Today, I sat in a church in my old “neck of the woods” with people whom I remember being so much younger. I went to the first of my childhood friend’s parent’s funeral (wow, that was a mouthful). It affected me more than I thought it would since I haven’t seen Walt in nearly 30 years. As I sat there singing the songs and listening to the Pastor speak, all I could focus on was the memories that flooded back to me. Walt always seemed like a giant of a man to me and just a little bit scary. I loved him, none the less! He was a part of my childhood and part of what made me who I am today.
The faces I saw today were different…older. Although the years have aged us all, I felt a feeling I hadn’t felt in some time. The feeling of being HOME. When I was growing up, we lived on a street that had a lot of kids the same ages as me and my brothers. We didn’t spend much time in front of the tv. We played outside and we played with the entire neighborhood of kids! We were one big family. As kids, we’d confide in each other about everything, was a part of each other’s family, and always looked out for each other. As we grew up, we went our separate ways. It was through our parents that we’d keep up with each other and know who was married, who was having babies and what each of us had done with our lives. For a couple of hours, I was really home again.

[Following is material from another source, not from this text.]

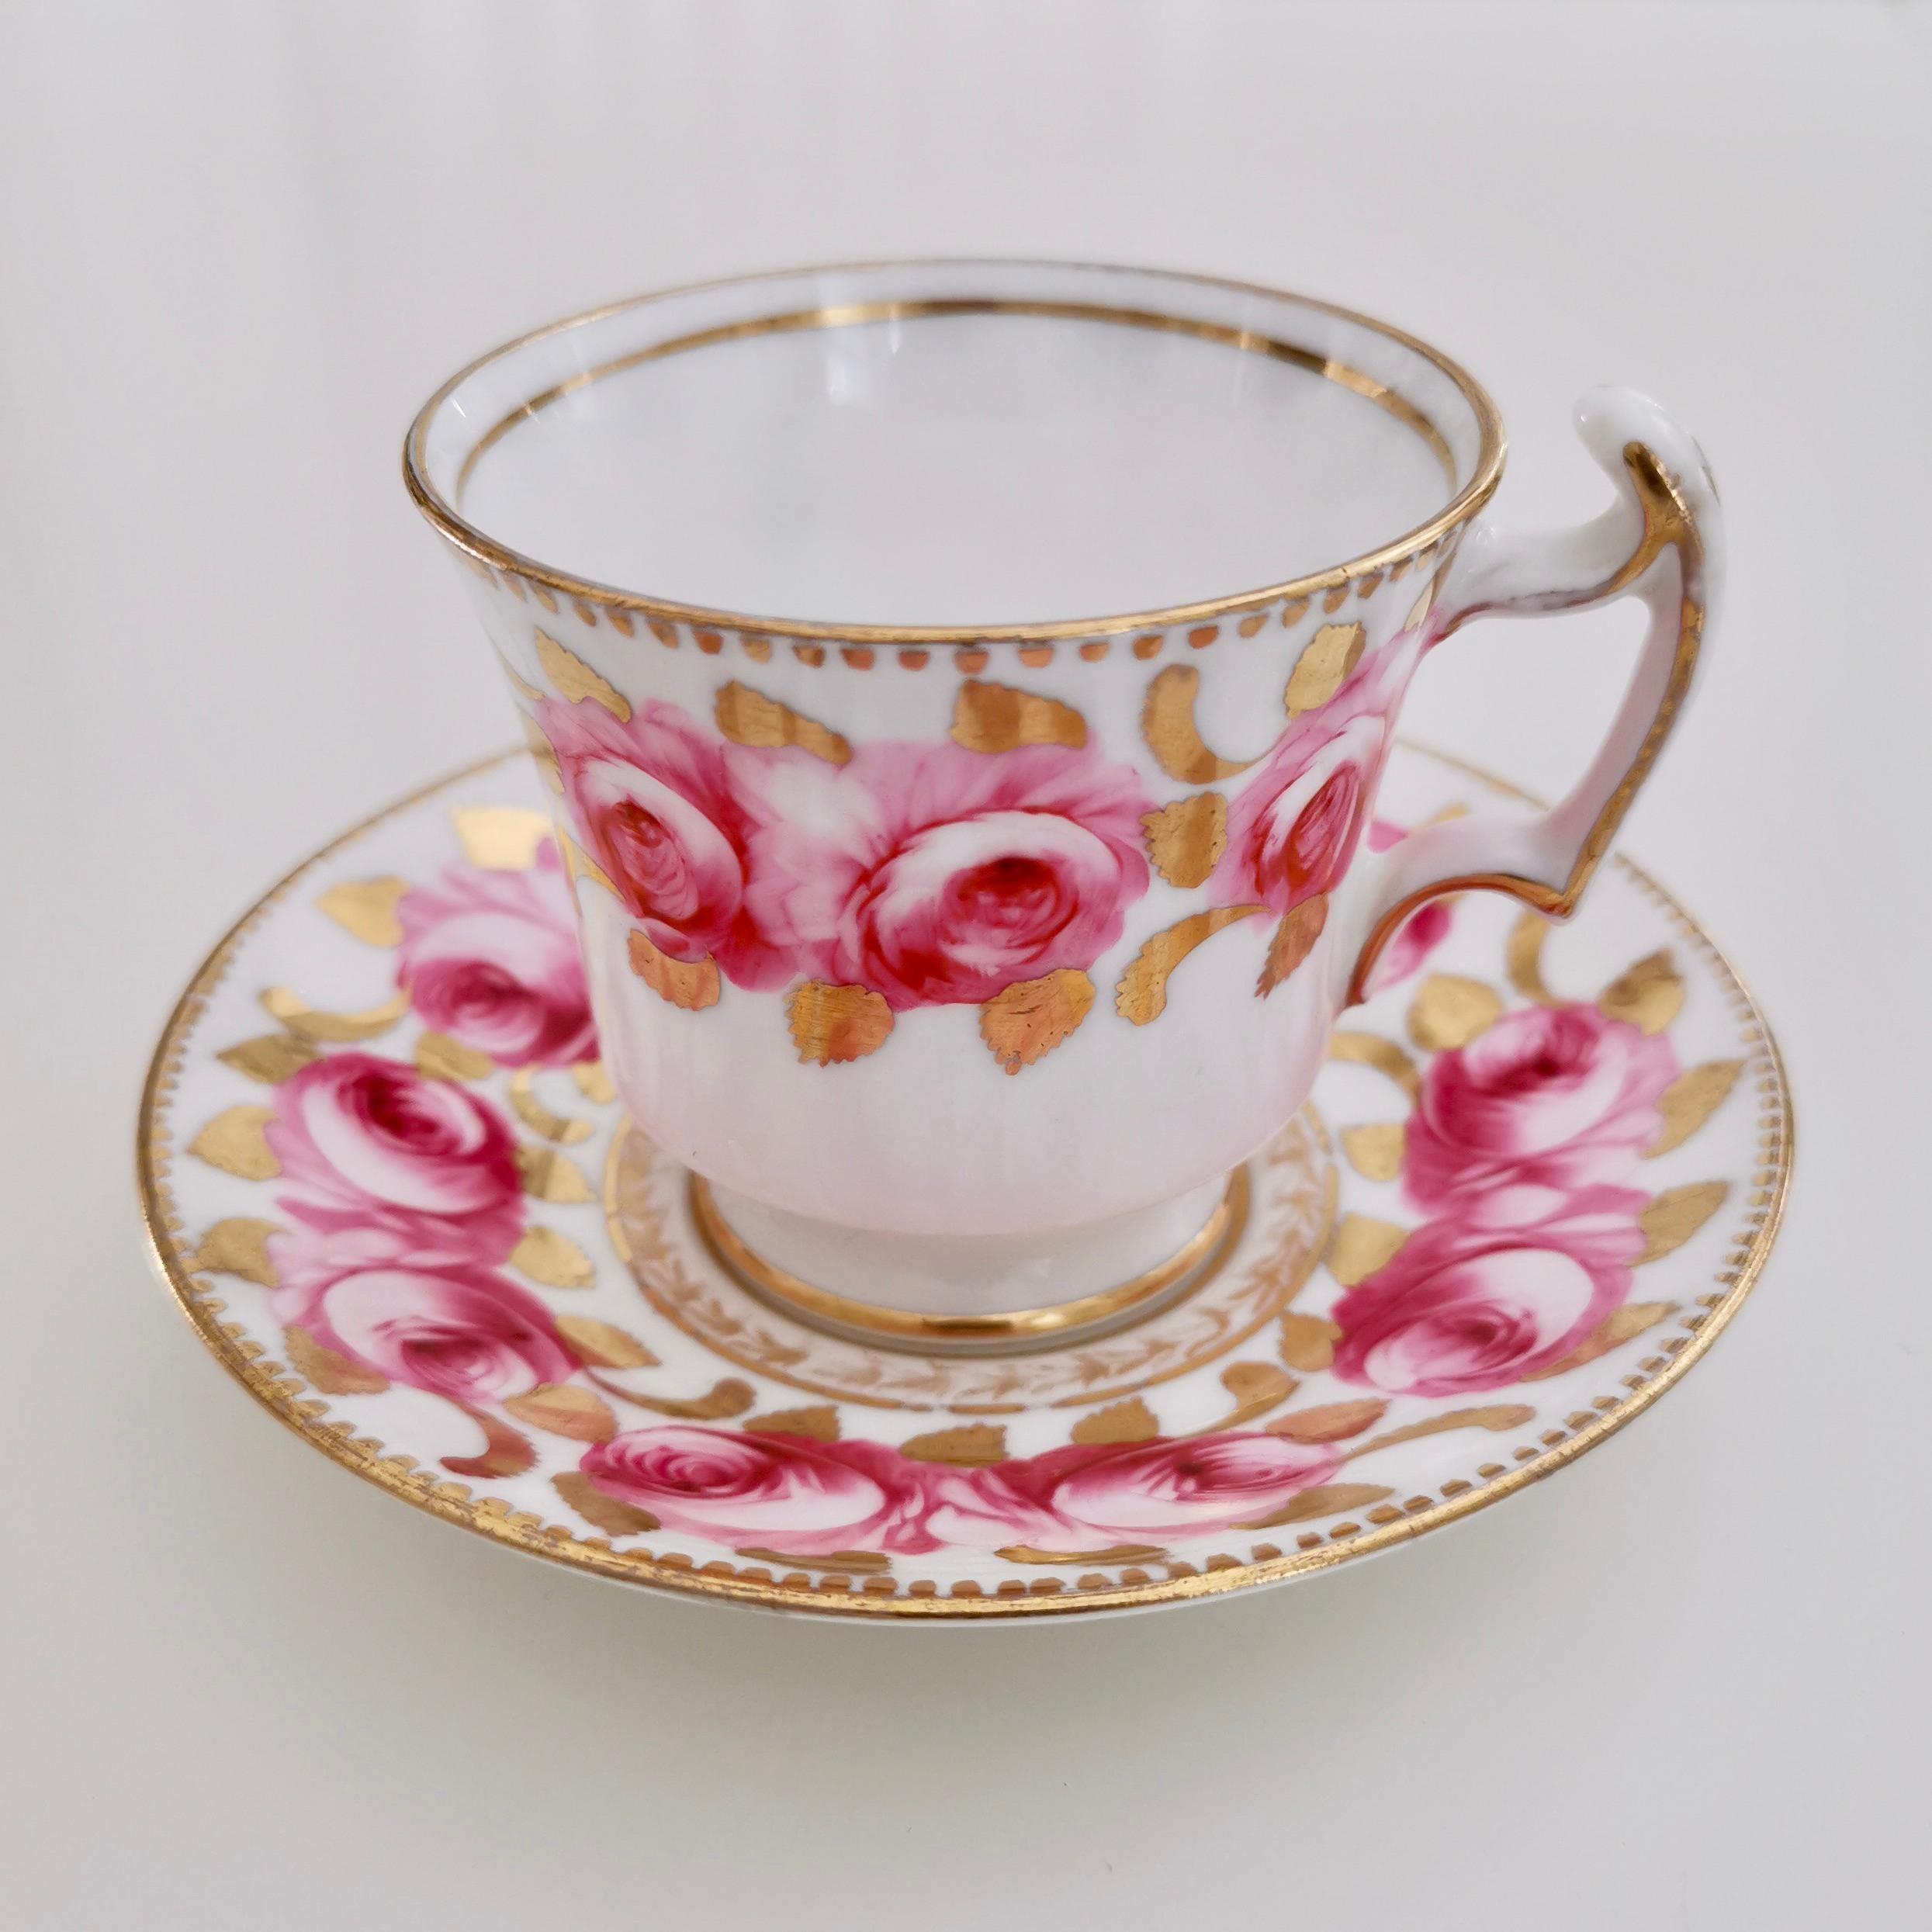 English Romantic Coffee Cup, Pink Billingsley Roses, Regency 1820-1825

It was unfortunate that the Pastor doing the service today didn’t know Walt – he said so himself. If he had, he would have been able to tell the guests just what a wonderful guy he was, how much he loved hunting and fishing and how important his family was to him. He could have retold stories about the good old days and how much fun our neighborhood used to have. Walt would have done anything for anyone! You know what…I didn’t need a Pastor to tell me these things, I already knew – firsthand. Although I hadn’t seen you in at least 30 years, Walt, I’ll miss you!